Carbon spheres supported visible-light-driven CuO-BiVO4 heterojunction: Preparation, characterization, and photocatalytic properties
Graphical abstract
Highlights
► Carbon spheres supported CuO-BiVO4 heterojunction was synthesized. ► Carbon spheres roles as dispersing support and photosensitizer. ► Composite structure plays a key role in the enhancement of photocatalytic activities. ► A reasonable photodegradation mechanism based on electron transfer was proposed.
Introduction
Recently, significant interest has been devoted to designing semiconductor–carbon composite materials, aiming at cooperative or synergistic effects between the metal oxides and carbon phases to meet the requirements imposed by specific application, such as solar energy utilization and heterogeneous photocatalysis.
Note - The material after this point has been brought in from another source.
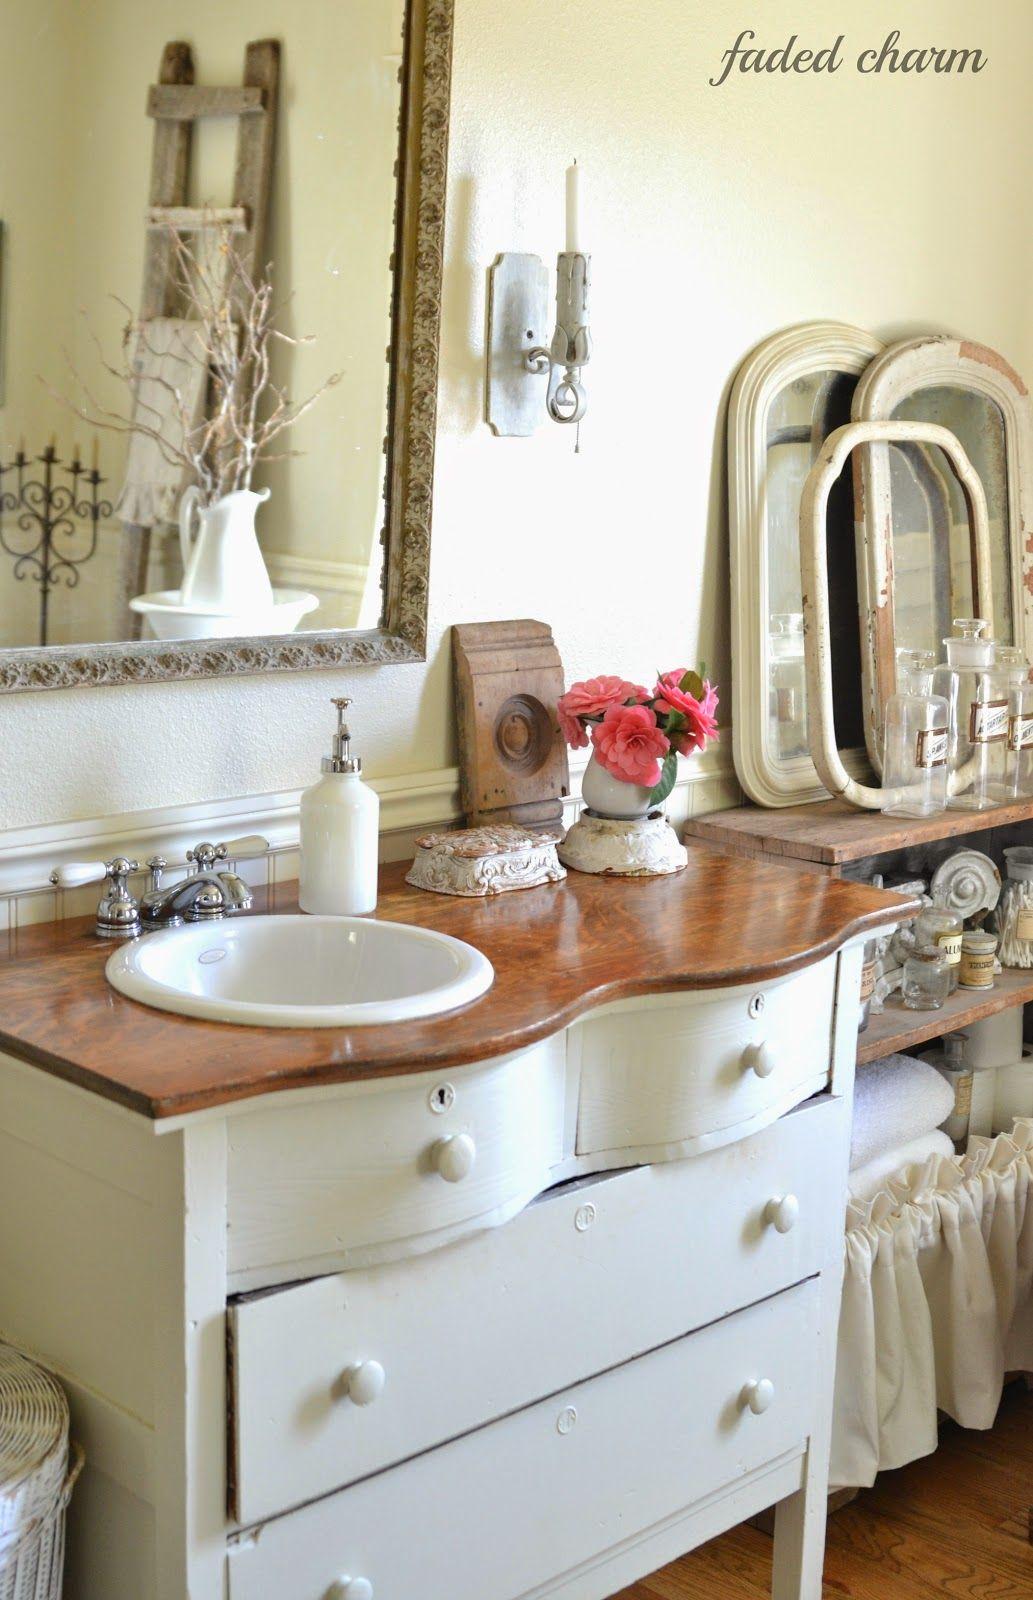 Fresh Flowers Shabby chic bathroom, My home design

Besides the modification of catalysts by incorporating alloying components, the application of appropriate support is another way to improve the performance of catalysts. Various research techniques have been developed and applied towards coating carbon supports for this purpose because a composite product of carbon and semiconductor photocatalysts could potentially create many active sites for photocatalytic degradation [1], [2]. Indeed, besides the action as adsorbent or support, some studies have proven that carbon can act as sensitizer and transfer electrons to the semiconductors, triggering the formation of very reactive radicals to improve photocatalytic activity of semiconductors for target reactions. This may be responsible for extending photocatalytic activity of semiconductors into the visible light range [3], [4], [5], [6], [7], [8]. Among carbon supports of similar variety, carbon spheres (CSs) synthesized with an easy hydrothermal approach have aroused considerable interest in a variety of scientific fields because of their wide applications as adsorbents [9], catalysts [10], and electrode materials [11]. Wang et al. [12] have prepared perfect spherical carbon with uniform nanopores by a hydrothermal route, in which sugar was used as carbon sources. In view of environmentally benign and inexpensive properties of carbon spheres [13], [14], it would be more meaningful to hydrothermally synthesize effective photocatalysts combined with carbon spheres to further optimize the photocatalytic activity.
The development of visible-light-driven photocatalysts focused on photocatalytic splitting of water or degradation of organic pollutants has inspired a great deal of research interest to utilize solar energy effectively [15], [16], [17]. It has been reported that photocatalytic composite oxides containing bismuth such as BiVO4 (BVO) normally have strong response to visible light due to the change of electronic structure in the composites. BiVO4 can exist in three crystalline phases, i.e., tetragonal zircon, monoclinic scheelite, and tetragonal scheelite. These three crystal types can undergo phase transition under different thermal conditions [18]. It has been found that BiVO4 with a monoclinic scheelite structure shows excellent photocatalytic performance under visible light irradiation [17], [18], [19]. Compared with TiO2 photocatalyst, which band gap is 3.2 eV, monoclinic BiVO4 has a band gap energy of 2.4 eV and can adsorb the solar spectrum up to blue light fraction of ca. 520 nm [20]. Experimental results on the photocatalytic evolution of oxygen [21], [22], [23] and the photocatalytic degradation of organic pollutants [24], [25], [26] using monoclinic BiVO4 proved that BiVO4 was an effective photocatalyst under visible light. Nevertheless, the photocatalytic activity of pure BiVO4 is limited due to its poor adsorptive abilities and difficult migration of electron–hole pairs [25]. Therefore, it is necessary to find a suitable way like heterostructure fabrication to facilitate the BiVO4 driven photooxidation of organic pollutants through rapid transfer or separation of photoinduced electron–hole pairs [27].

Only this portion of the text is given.